**Data to process**.
Content starts

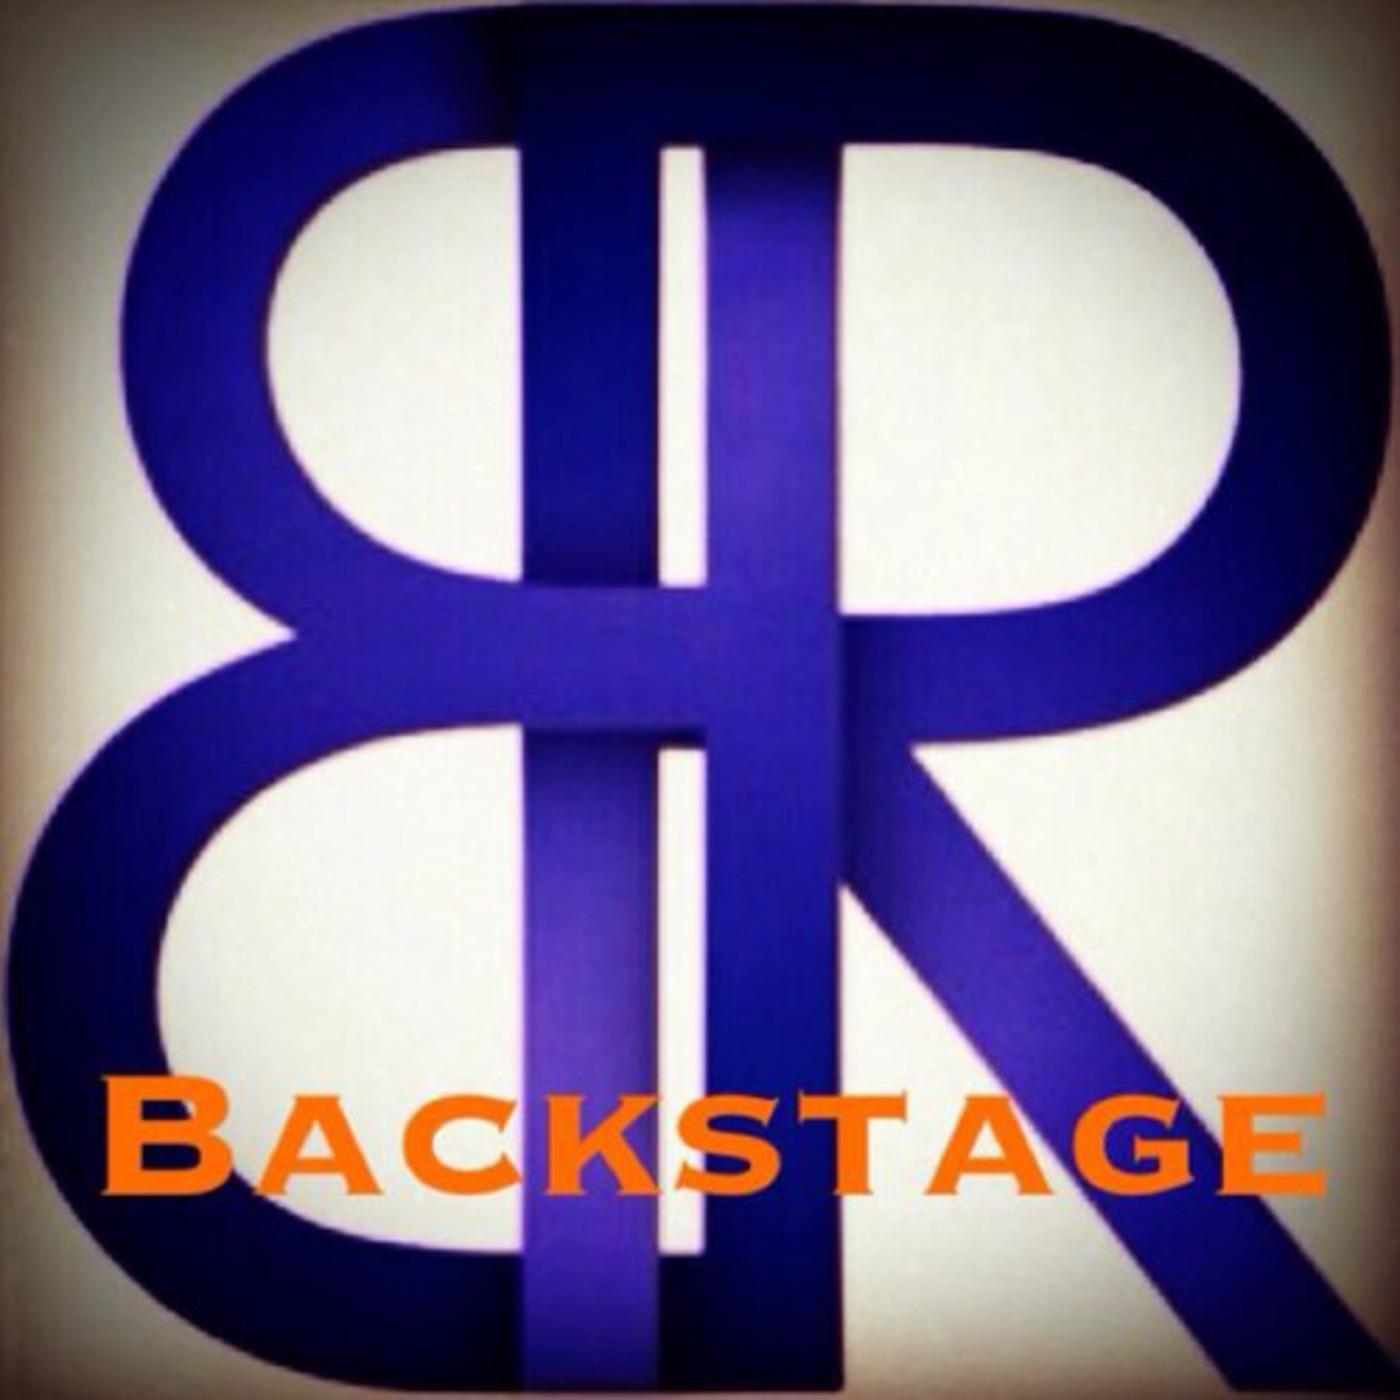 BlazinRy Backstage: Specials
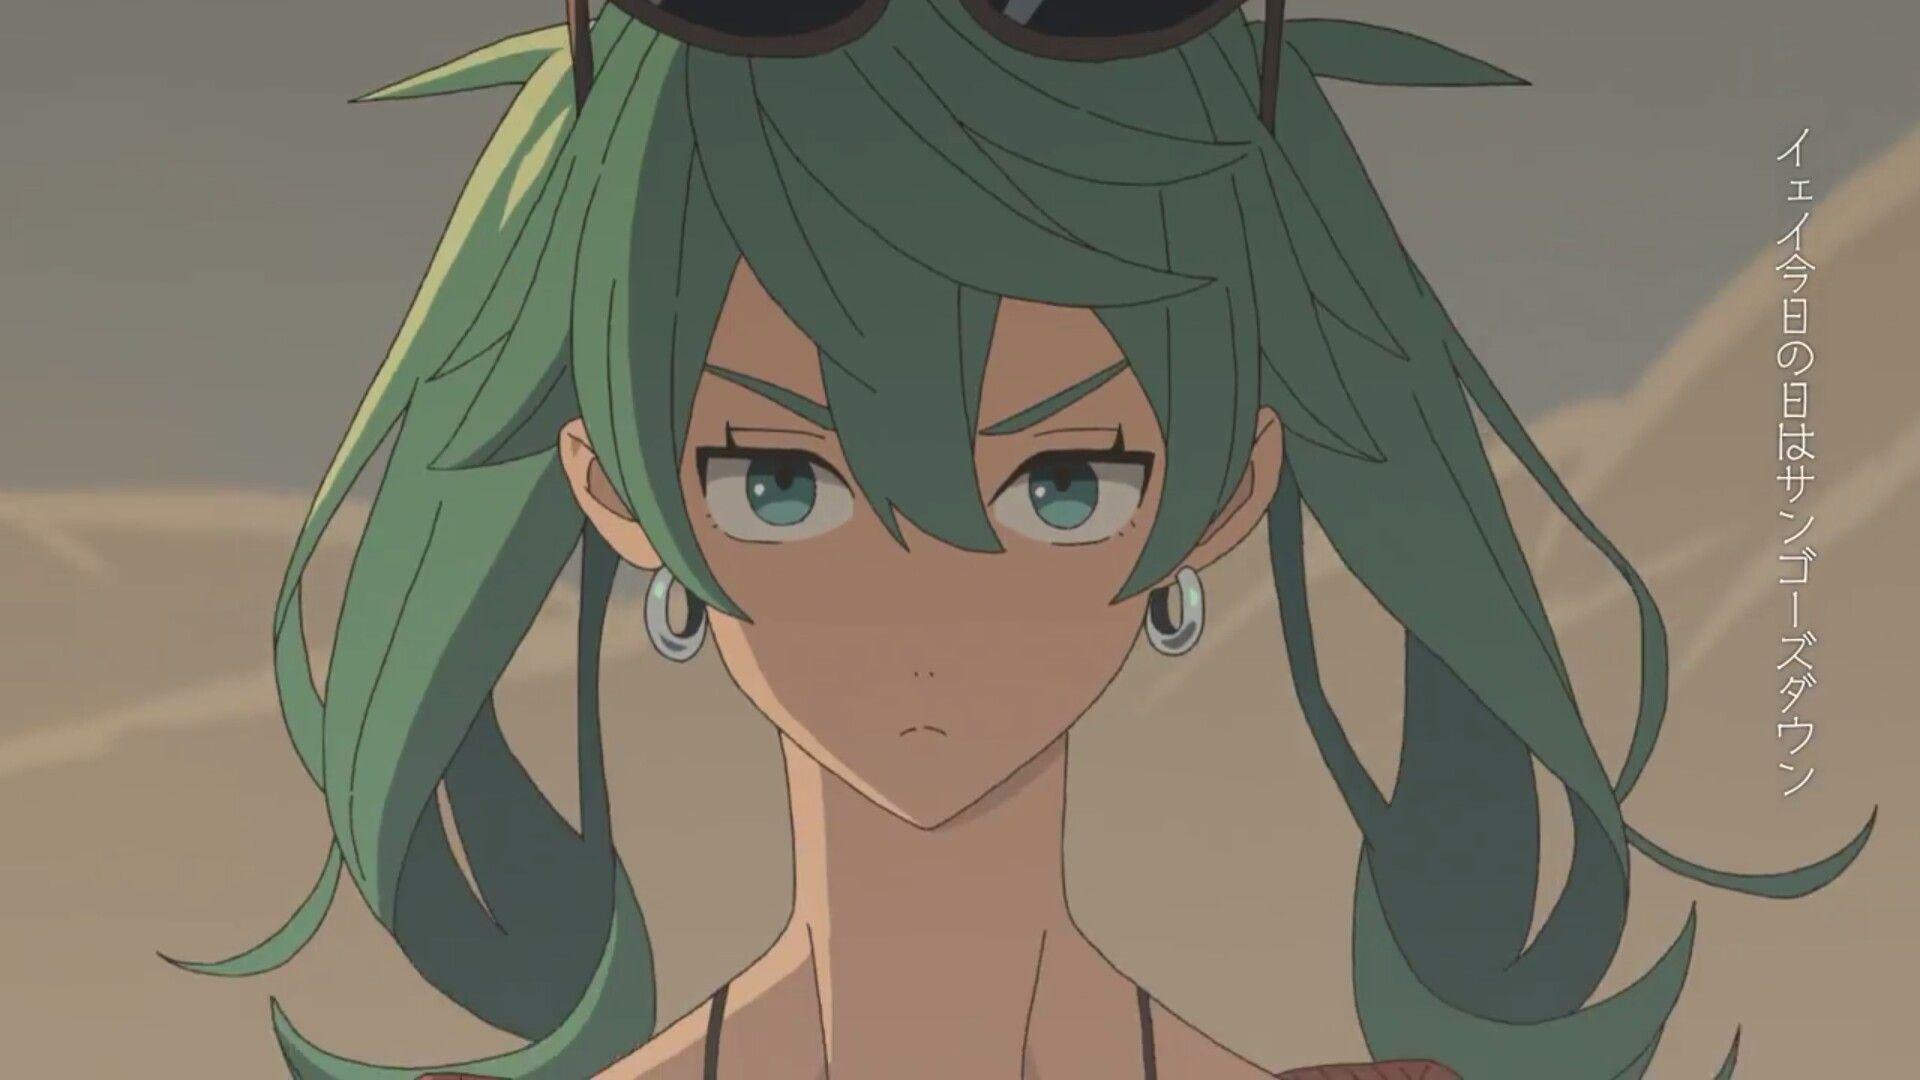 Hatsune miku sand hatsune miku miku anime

Content ends
Content starts

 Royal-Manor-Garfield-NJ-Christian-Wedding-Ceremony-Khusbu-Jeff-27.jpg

Content ends

**What you are asked to do**. Out of the records above, please copy exactly the lines from the line with "BlazinRy Backstage: Specials" up to and including the line with "Hatsune miku sand hatsune miku miku anime", minus the pictures.

**Response to this task**.
 BlazinRy Backstage: Specials
 Hatsune miku sand hatsune miku miku anime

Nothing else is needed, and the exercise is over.